Yes. You, and every other reasoning system, should always challenge the data and assume it’s biased at a minimum.

This is better described as “critical thinking” in its formal form.

You could also call it skepticism.

That impossibility of drawing conclusions assumes there’s a correct answer and is called the “problem of induction.” I promise you a machine is better at avoiding it than a human.

Many people freeze up or fail with too much data - put someone with no experience in front of 500 ppl to give a speech if you want to watch this live.

  • I mostly agree with you, but I think it's important to consider what you're doing with the data. If we're doing rigorous science, or making life-or-death decisions on it, I would 100% agree. But if we're an AI chatbot trying to offer some insight, with a big disclaimer that "these results might be wrong, talk to your doctor" then I think that's quite overkill. The end result would be no (potential) insight at all and no chance for ever improving since we'll likely never get a to a point where we could fully trust the data. Not even the best medical labs are always perfect.

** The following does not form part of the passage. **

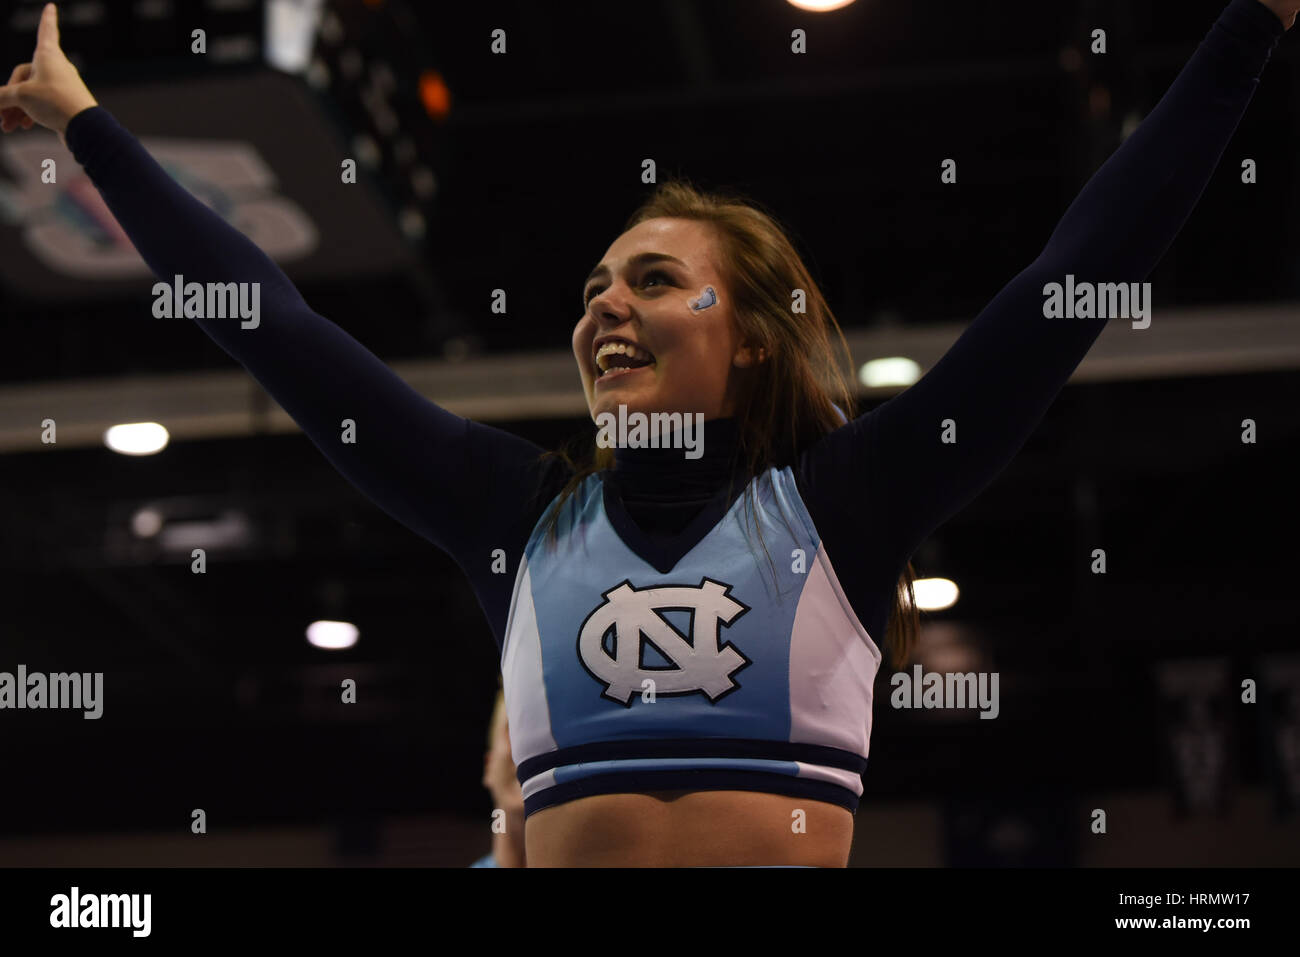 CONWAY, SC - MARCH 02: A North Carolina cheerleader performs for the fans during the game between the North Carolina Tarheels and the Syracuse Orange in the ACC Women's Tournament on March 2, 2017 at HTC Center in Conway, SC. William Howard/CSM Stock Photo

> What would you expect the behavior of the AI to be? Should it always assume bad data or potentially bad data? If so, that seems like it would defeat the point of having data at all as you could never draw any conclusions from it.

Well, I would expect the AI to provide the same response as a real doctor did from the same information. Which the article went over the doctors were able to.

I also would expect the AI to provide the same answer every time to the same data unlike what it did (from F to B over multiple attempts in the article)

OpenAI is entirely to blame here when they are putting out faulty products, (hallucinations even on accurate data are a fault of them).

I have been sitting and waiting for the day these trackers get exposed as just another health fad that is optimized to deliver shareholder value and not serious enough for medical grade applications

  • I don't see how they are considered a health fad, they're extremely useful and accurate enough. There are plenty of studies and real world data showing Garmin VO2Max readings being accurate to 1-2 points different to a real world test.

    There is this constant debate about how accurately VO2max is measured and its highly dependent on actually doing exercise to determine your VO2max using your watch. But yes if you want a lab/medically precise measure you need to do it a test that measures your actual oxygen uptake.